You may have some burning when you urinate for a little while.
As with any procedure, there is a small risk of infection, bleeding, ureteral injury (rare) or incomplete stone clearance especially if anatomy is complex.
Aftercare: Fluid intake to help flush out the fragments, adhering to advice from the surgeon regarding activity and dietary changes along with proper hydration in order to minimize the chance of forming stones in the future.

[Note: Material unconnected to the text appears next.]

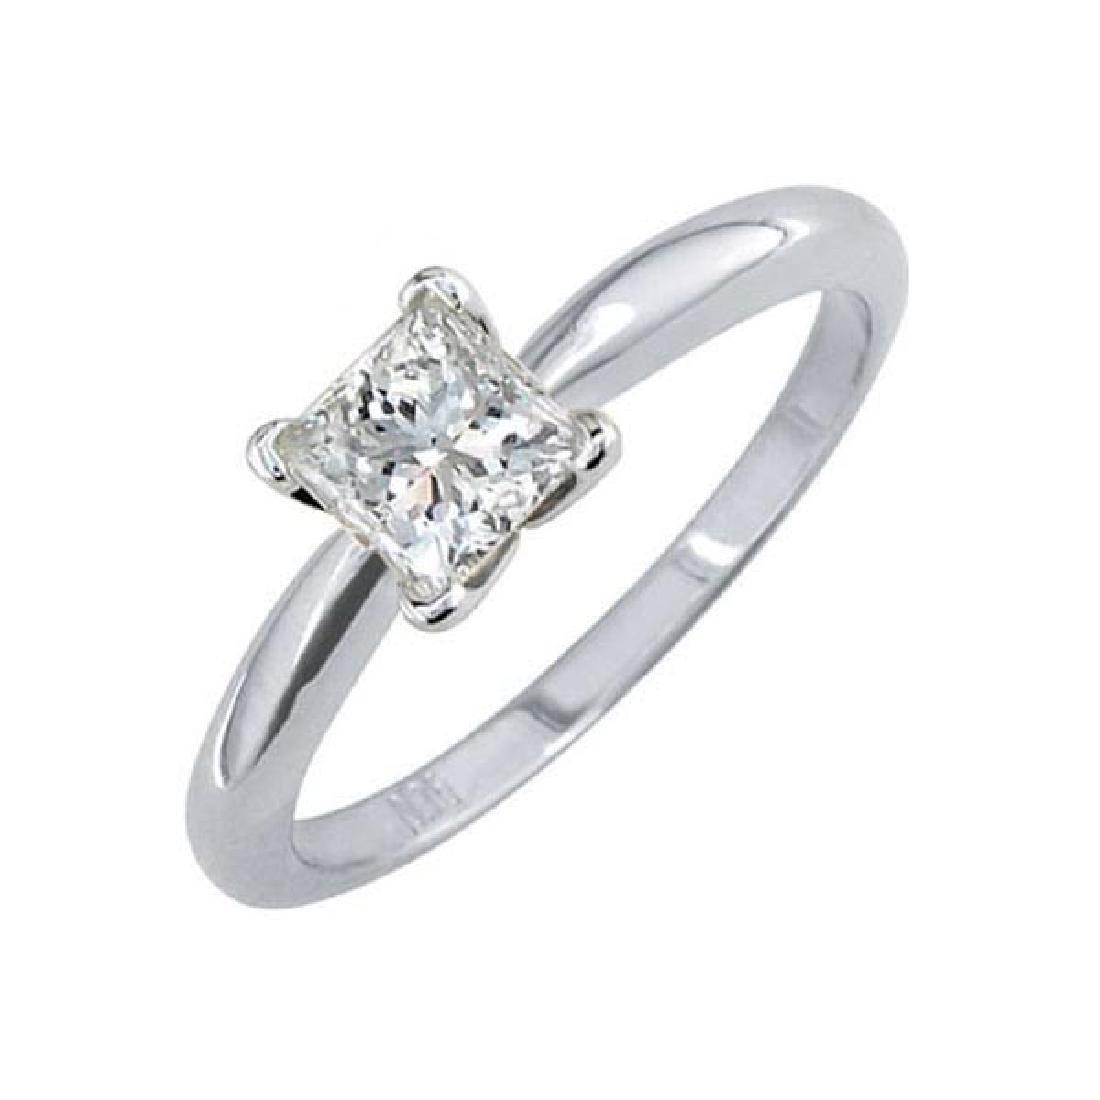 Certified 0.7 CTW Princess Diamond Solitaire 14k Ring F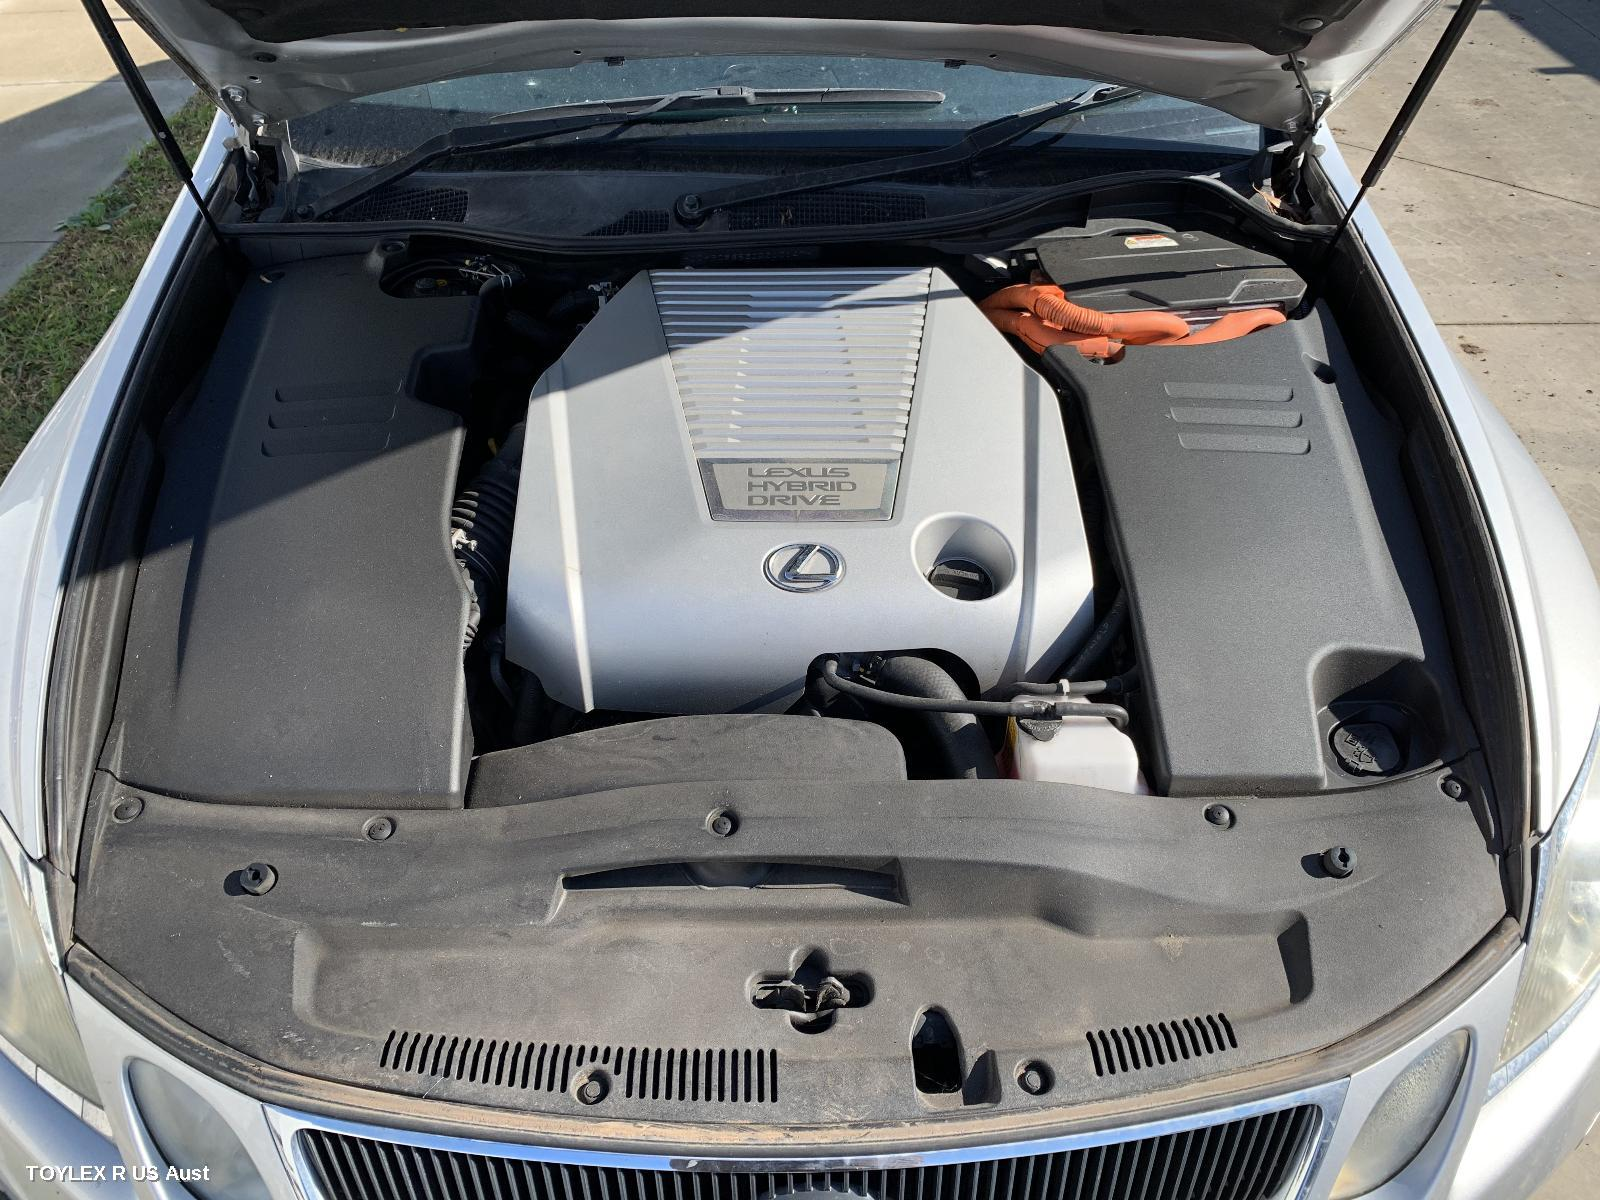 LEXUS GS, Engine, PETROL, 3.5, 2GR, HYBRID, 190 SERIES, 03/05-12/11

Dr. Deepanshu’s Final Take: Finding Your Smoothest Path to a Stone-Free Life
To sum it up, both URS and RIRS are excellent contemporary options for the treatment of a kidney stone. These platforms guarantee minimal invasiveness, fast recovery and very good results at the hands of an experienced expert. The best one for you would depend upon the stone’s site and size, your anatomy,and your health.
URS is fantastic when a stone is situated in the ureter. RIRS steps in when stones are inside the kidney or when access is trickier. Knowing the difference, asking the right questions and having a skilled surgeon like Dr. Deepanshu are all you really need to rid yourself of that pesky kidney stone and get back to your normal life with peace of mind. Smooth recovery and stone-free days ahead!